▼▼▼

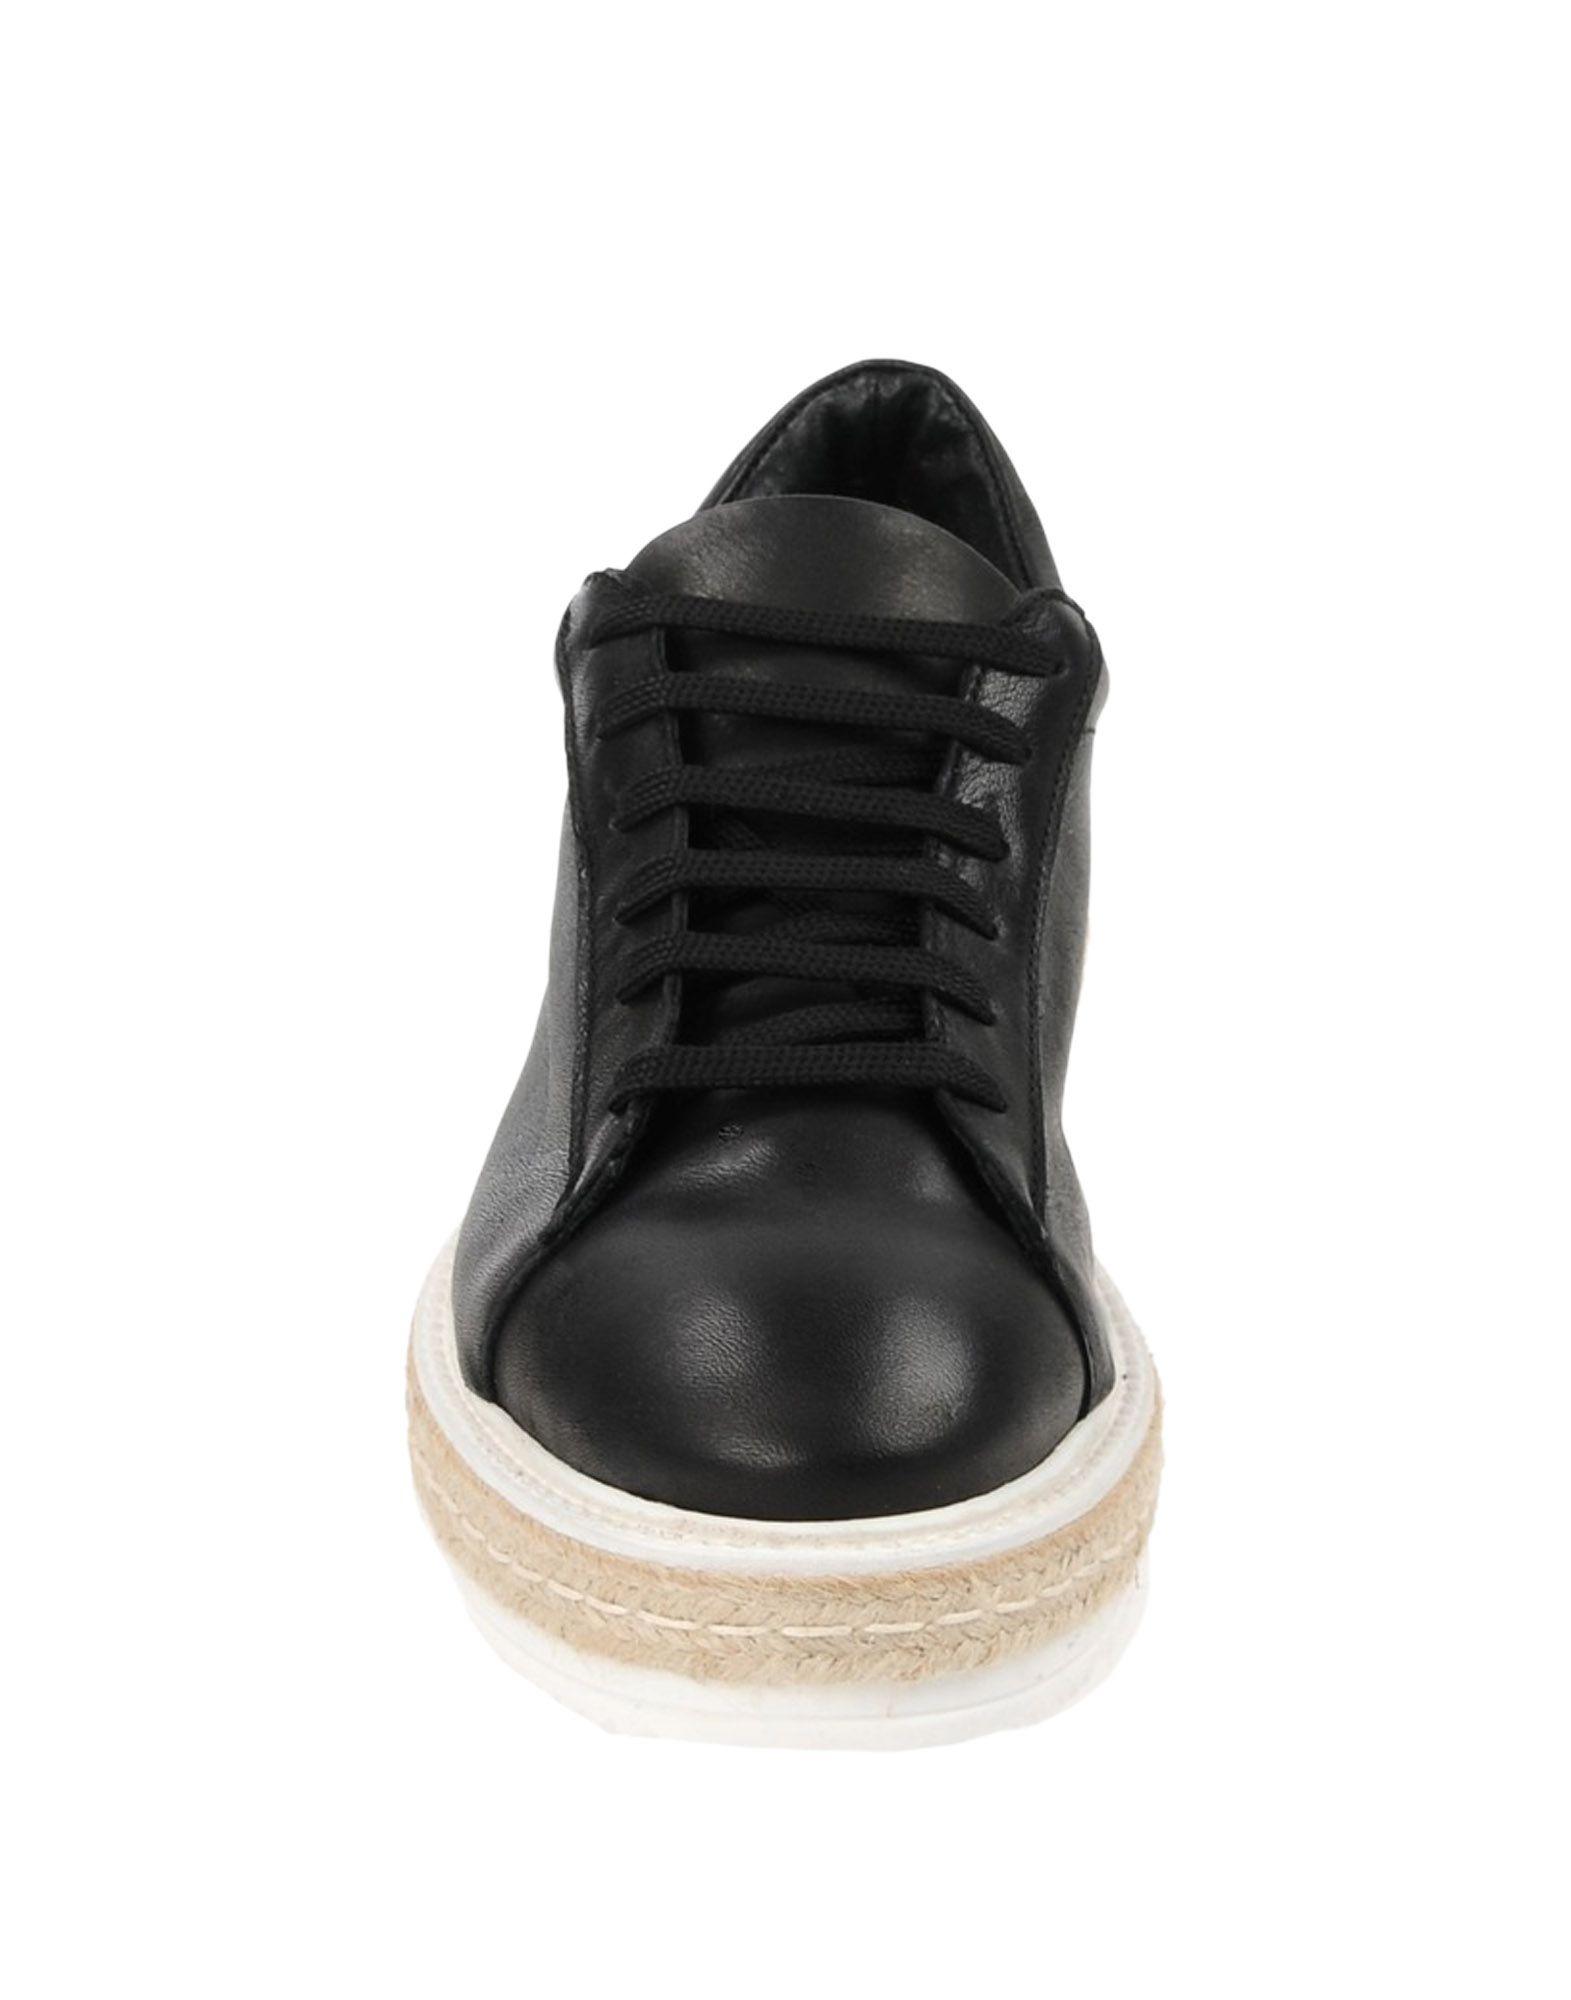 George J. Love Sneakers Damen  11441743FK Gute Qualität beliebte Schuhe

▲▲▲
▼▼▼

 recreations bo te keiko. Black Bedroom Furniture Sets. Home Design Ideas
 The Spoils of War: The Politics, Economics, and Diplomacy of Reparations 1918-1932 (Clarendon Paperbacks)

▲▲▲
▼▼▼

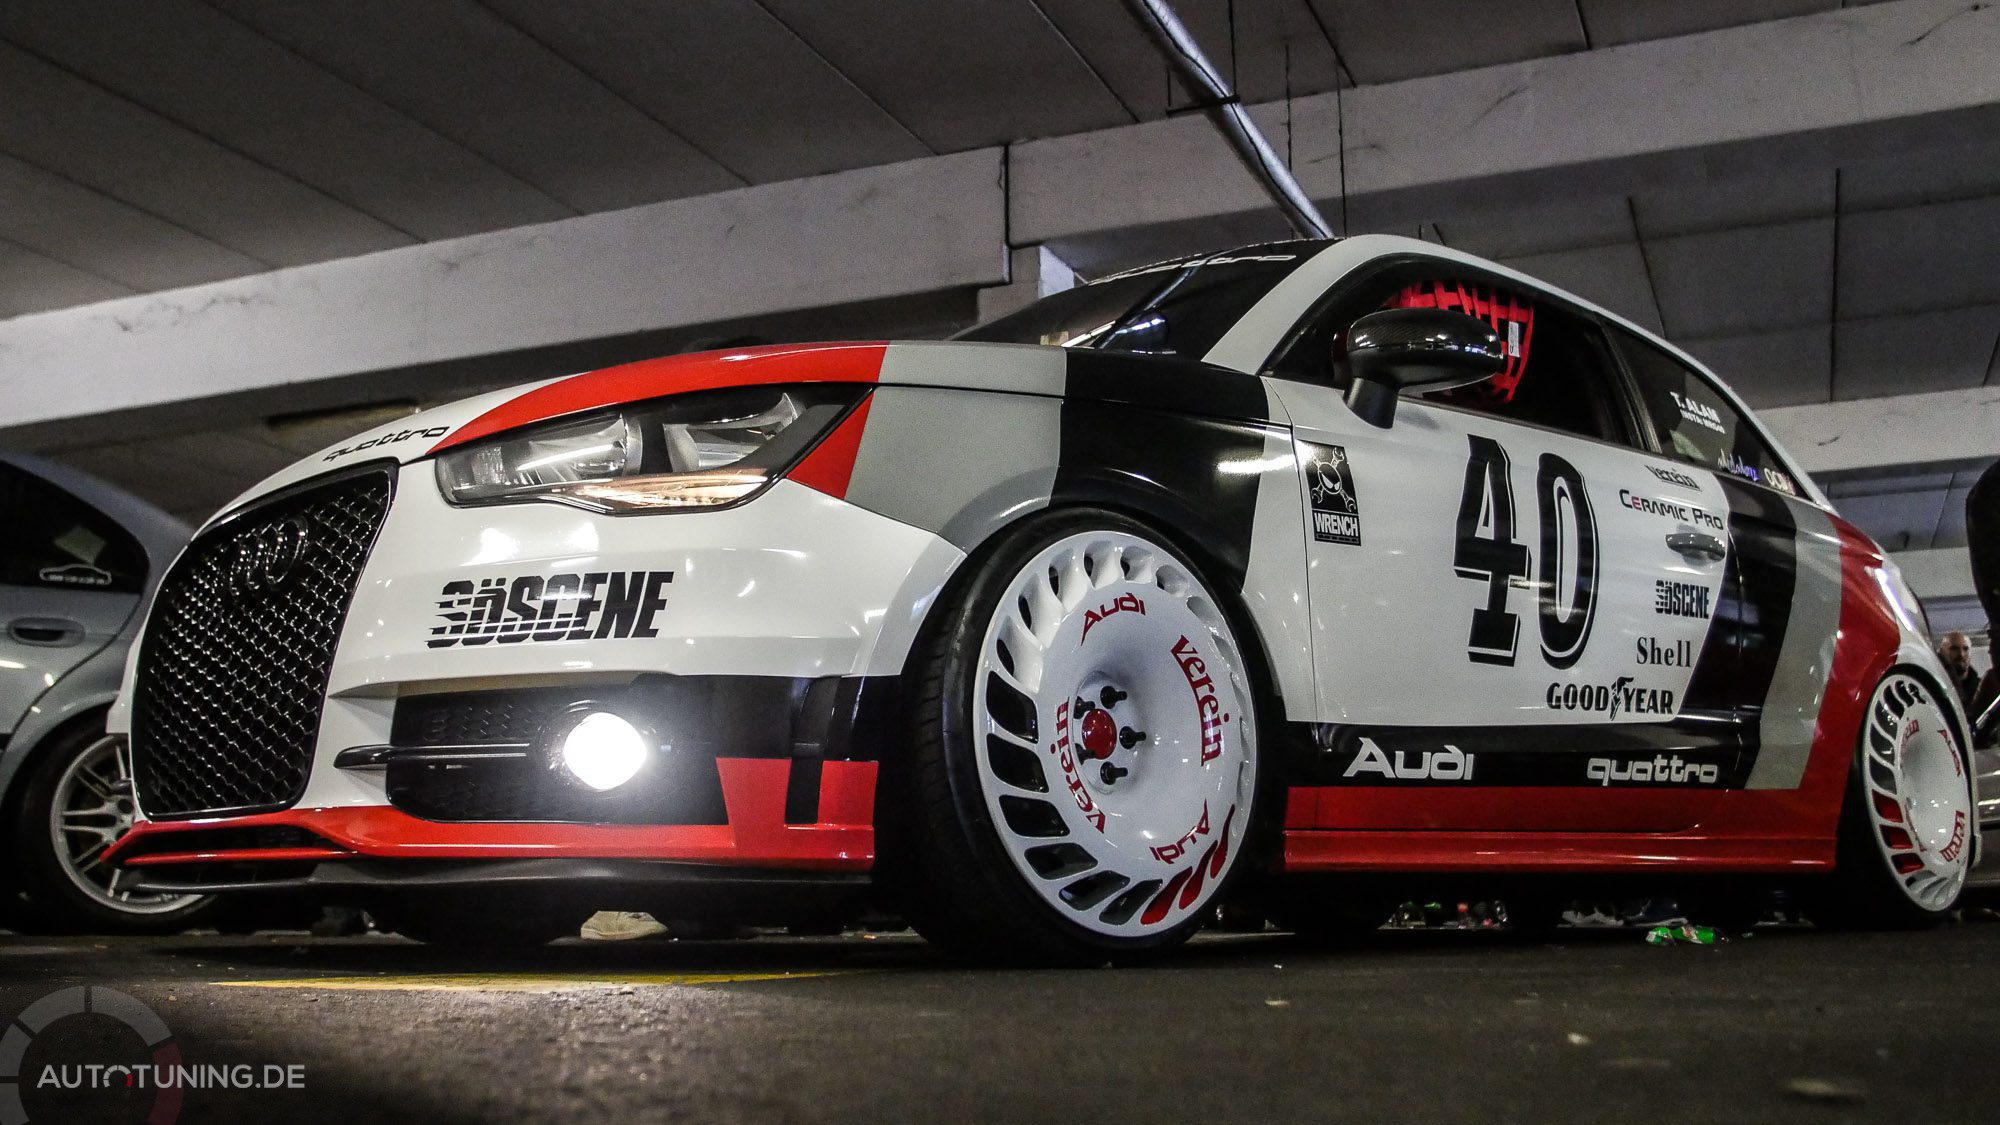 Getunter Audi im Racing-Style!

▲▲▲

Quote the listing above, but only from the line that shows "recreations bo te" through the line that shows "The Spoils of".

 recreations bo te keiko. Black Bedroom Furniture Sets. Home Design Ideas
 The Spoils of War: The Politics, Economics, and Diplomacy of Reparations 1918-1932 (Clarendon Paperbacks)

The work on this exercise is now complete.